Repeating this procedure with $\frac{1}{3^{s}}$ gives

$(1-\frac{1}{2^{s}})(1-\frac{1}{3^{s}})\phi(s)=1+\frac{1}{5^{s}}+ \ldots$

where all terms containing the reciprocals of the sth power of multiples of 3 vanished.

By continuing this with all prime numbers, we get

$\prod_{p}(1-\frac{1}{p^{s}})\phi(s)=1$, where p represents all prime numbers. Thus, we get

$\phi(s)=1 + \frac{}{} + \frac{}{} + \frac{}{} + \ldots =\frac{1}{\prod_{p}(1-\frac{1}{p^{s}})}$

This is a remarkable result because the LHS is concerned with only positive integers, whereas the RHS is concerned with only primes. This result is known as the “Golden Key of Euler”.

Riemann created his famous $\zeta-$ function by extending the variable s to the entire complex plane, except $s=1$ with

$\zeta(s)=1+ \frac{1}{2^{s}} + \frac{1}{3^{s}} + \ldots$.

This function is now very famous as the Riemann zeta function.

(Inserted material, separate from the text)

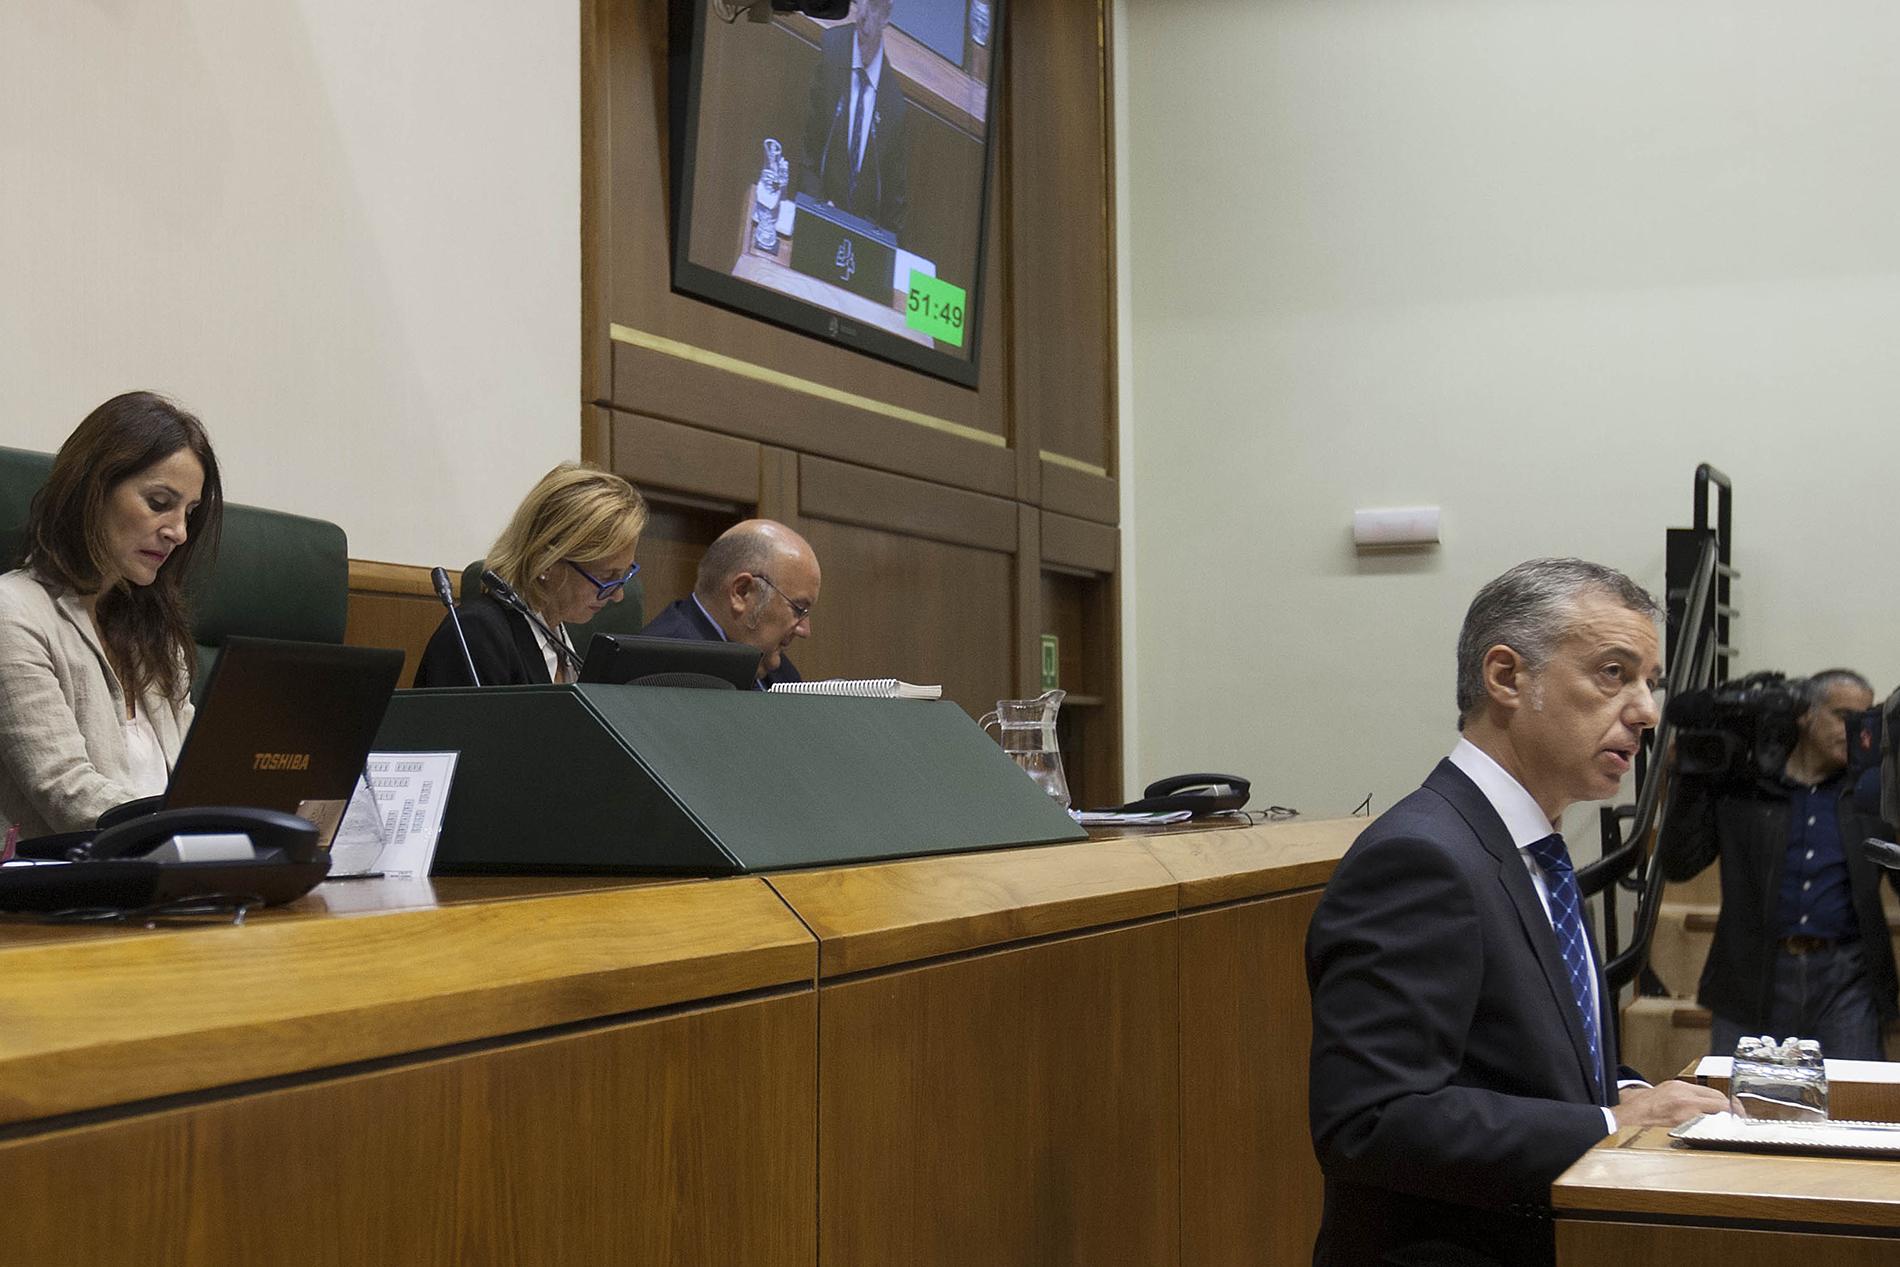 2015_09_24_lhk_parlamento_012.jpg

How can we apply the Golden Key of Euler to Mengoli’s question that we started with?

Ans. In the Golden Key of Euler, substitute $s=2$.

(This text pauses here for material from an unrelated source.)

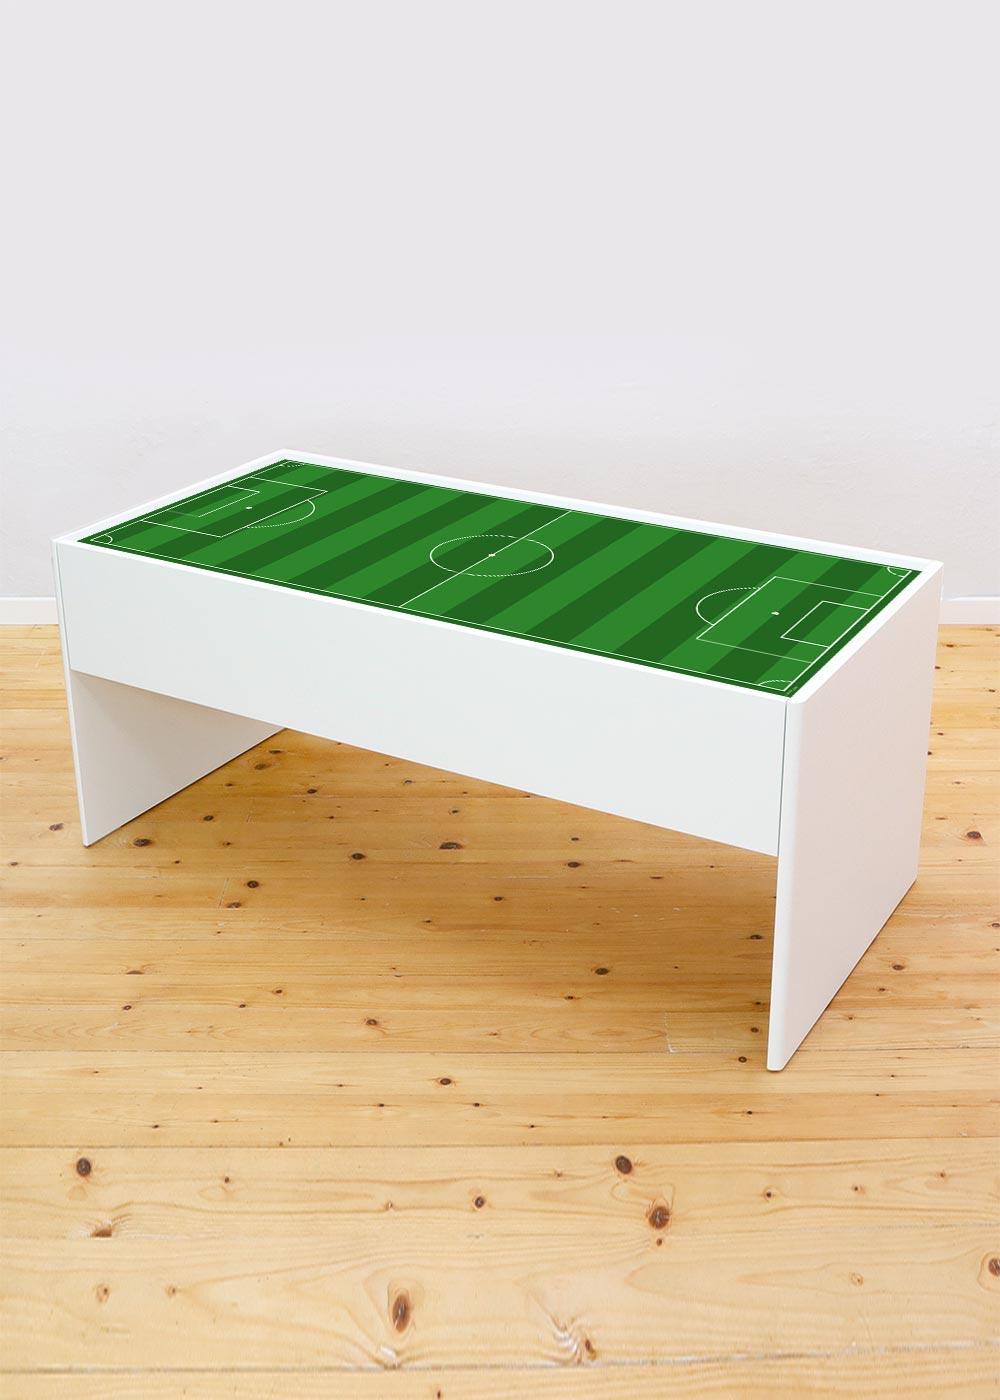 Ikea Dundra Spieltisch Fussballfeld gün Komplettansicht

Hence, we get the upper limit of the given series is 2.

Euler’s proof (1775):

The proof ran as follows:

It is a little roundabout way of arriving at the correct answer from a known result. Consider McLaurin’s series expansion of sin x:

$\sin{(x)}=x - \frac{x^{3}}{3!} + \frac{x^{5}}{5!} -\frac{x^{7}}{7!} + \frac{x^{9}}{9!} + \ldots$

By dividing both sides by x and then substituting $y=x^{2}$ on the right side, we get the following:

$\frac{\sin{(x)}}{x} = 1-\frac{y}{3!} + \frac{y^{2}}{5!} - \frac{y^{3}}{7!} + \ldots$

By taking a special value of $x=n\pi$ (and, hence $y=n^{2}\pi^{2}$), we get the following:

$\frac{\sin (n\pi)}{(n\pi)}=0=1-\frac{y}{3!} + \frac{y^{2}}{5!} - \frac{y^{3}}{5!}+ \ldots$

Note  that preceding equation is not a polynomial, but an infinite series. But, Euler still treated it as a polynomial (that is why it was not accepted as a rigorous result) and observed that this “infinite” polynomial has roots equal to $y_{n}=n^{2}x^{2}$. Then, Euler had used the fact that the sum of the reciprocals of the roots is determined by the coefficient of the linear term (here, the y-term) when the constant is made unity. (check this as homework quiz, for a quadratic to be convinced). So, Euler had arrived at the following result:

$1-\sum_{i=1}^{\infty}\frac{6}{y_{n}}=0 \Longrightarrow \sum_{i=1}^{\infty}\frac{1}{y_{n}}=\frac{1}{6}$. With $y_{n}=n^{2}(\pi)^{2}$, we get the following:

$\sum_{i=1}^{\infty}\frac{1}{n^{2}(\pi)^{2}}=\frac{1}{6}$ or, $\sum_{1}^{n^{2}}\frac{1}{n^{2}}=\frac{(\pi)^{2}}{6}$.

Another proof also attributed to Euler that uses the series expansion of sin (x) goes as follows below:

$\sin {(x)}$ has roots given by 0, $\pm \pi$, $\pm 2\pi$, $\pm 3\pi$, …So does this polynomial that Euler reportedly constructed:

$x(1-\frac{x^{2}}{(\pi)^{2}})(1-\frac{x^{2}}{(2\pi)^{2}})(1-\frac{x^{2}}{(3\pi)^{2}})\ldots=0$

So, Euler considered the preceding equation to be equivalent to:

$\sin{(x)}=x - \frac{x^{3}}{3!} + \frac{x^{5}}{5!} - \frac{x^{7}}{7!} + \ldots=0$

Then, he had equated the coefficient of $x^{3}$ in both to get the result:

$\sum_{n=1}^{\infty}\frac{1}{n^{2}(\pi)^{2}} = \frac{1}{3!} = \frac{1}{6}$.

Thus, $\sum_{n=1}^{\infty}\frac{1}{n^{2}}=\frac{(\pi)^{2}}{6}$.

Later on, Euler had provided a few more alternate and rigorous proofs of this result.

Reference: Popular Problems and Puzzles in Mathematics by Asok Kumar Mallik, IISc Press, Foundation Books.